また、下記の化学物質を含め、経皮ばく露による発がんのおそれがある
化学物質を取り扱っている場合であって、SDSを入手していない、SDS
に記載されている情報が古い場合等については、新しい情報を記載した
SDSを当該化学物質の提供者から入手すること。
(1) 国際がん研究機関(IARC)グループ1 (ヒトに対して発がん性がある)
1,2,3,4,5,6-ヘキサクロロシクロヘキサン(別名リンデン) ベンゼン 4-アミノジフェニル
ベンジジン オルト-トルイジン 3,3’-ジクロロ-4,4’-ジアミノジフェニルメタン
ベリリウム及びその化合物 塩素化ビフェニル(別名PCB)
(2) グループ2A (ヒトに対しておそらく発がん性がある)
N,N-ジメチルニトロソアミン N,N-ジメチルホルムアミド(別名DMF)
ジクロロメタン(別名二塩化メチレン) 硫酸ジメチル アクリルアミド
ジメチルカルバモイル=クロリド 2-ニトロトルエン(別名オルト-ニトロトルエン)
1,2,3-トリクロロプロパン ベンゾトリクロリド エピクロロヒドリン
1,2-ジブロモエタン(別名EDB)
ジチオりん酸O,O-ジメチル-S-1,2-ビス(エトキシカルボニル)エチル(別名マラチオン)
テトラクロロエチレン(別名パ-クロルエチレン) ヒドラジン
チオりん酸O,O-ジエチル-O-(2-イソプロピル-6-メチル-4-ピリミジニル)
(別名ダイアジノン)
N-(1,1,2,2-テトラクロロエチルチオ)-1,2,3,6-テトラヒドロフタルイミド(別名キャプタフォル)

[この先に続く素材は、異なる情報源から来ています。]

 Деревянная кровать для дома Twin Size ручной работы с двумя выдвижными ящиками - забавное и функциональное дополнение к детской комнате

(3) グループ2B (ヒトに対して発がん性が疑われる)
四塩化炭素 ジエチル-パラ-ニトロフェニルチオホスフェイト(別名パラチオン)
1,1-ジメチルヒドラジン
1,2,4,5,6,7,8,8-オクタクロロ-2,3,3a,4,7,7a-ヘキサヒドロ-4,7-メタノ-1H-インデン
(別名クロルデン)
ジメチル-2,2-ジクロロビニルホスフェイト(別名DDVP、ジクロルボス)
クロロホルム ヘキサクロロエタン ヘキサクロロエタン プロピレンイミン
1,4,5,6,7,8,8-ヘプタクロロ-3a,4,7,7a-テトラヒドロ-4,7-メタノ-1H-インデン
(別名ヘプタクロル)
1,1,2,2-テトラクロロエタン(別名四塩化アセチレン) ジクロロ酢酸 オルト-アニシジン
ナフタレン 3,3’-ジクロロベンジジン 2,4-ジクロロフェノキシ酢酸 ニトロベンゼン
スチレン 4,4’-メチレンジアニリン 4-ビニルシクロヘキセンジオキシド アクリロニトリル
ジエタノールアミン ヘキサクロロベンゼン オルト-トリジン(別名3,3’-ジメチルベンジジン)

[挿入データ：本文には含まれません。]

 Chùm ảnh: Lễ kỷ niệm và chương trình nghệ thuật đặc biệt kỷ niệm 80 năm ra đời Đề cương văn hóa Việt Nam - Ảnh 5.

カテコール 2,3-エポキシプロピル=フェニルエーテル(別名フェニルグリシジルエーテル)
1,4-ジオキサン 2-クロロ-1,3-ブタジエン(別名クロロプレン)
エチレンイミン(別名アジリジン) 1,3-ジクロロプロペン
ヘキサメチルホスホリックトリアミド 塩素化カンフェン(別名トキサフェン)
上記の化学物質を含め、経皮ばく露による発がんのおそれがある化学
物質を事業場で製造や取り扱っていることを確認した場合には、
作業方法、作業環境、作業主任者(作業指揮者)等による作業管理状況、
保護具の使用保管状況等を点検し、当該物質による経皮ばく露のおそ
れがないか確認すること。
当該物質のばく露のおそれがある場合には、当該物質のSDSに記載さ
れているばく露防止措置や保護措置等を早急に講ずること。
呼吸用保護具、保護眼鏡、化学防護服、保護手袋等の保護具は、化学
物質等の性状、化学物質等を製造や取り扱う作業等に応じた適切なも
のを選定すること。
破損等がなく、また使用期限を超過していない適切な保護具の使用を徹
底するため、使用前の保護具の点検や日常の保守管理を適切に実施
すること。
適切な保護具の使用等を徹底するため、雇入れ時等の教育はもとより、
あらゆる機会を捉えた労働者に対する教育の実施や労働者の保護具の
使用状況の確認を行うこと。
上記の化学物質を製造や取り扱う業務に従事する労働者については、
特殊健康診断の対象になっていないものについても、定期健康診断に
おいて「既往歴及び業務歴の調査」や「自覚症状及び他覚症状の有無
の調査」等を通じた健康管理を的確に行うこと。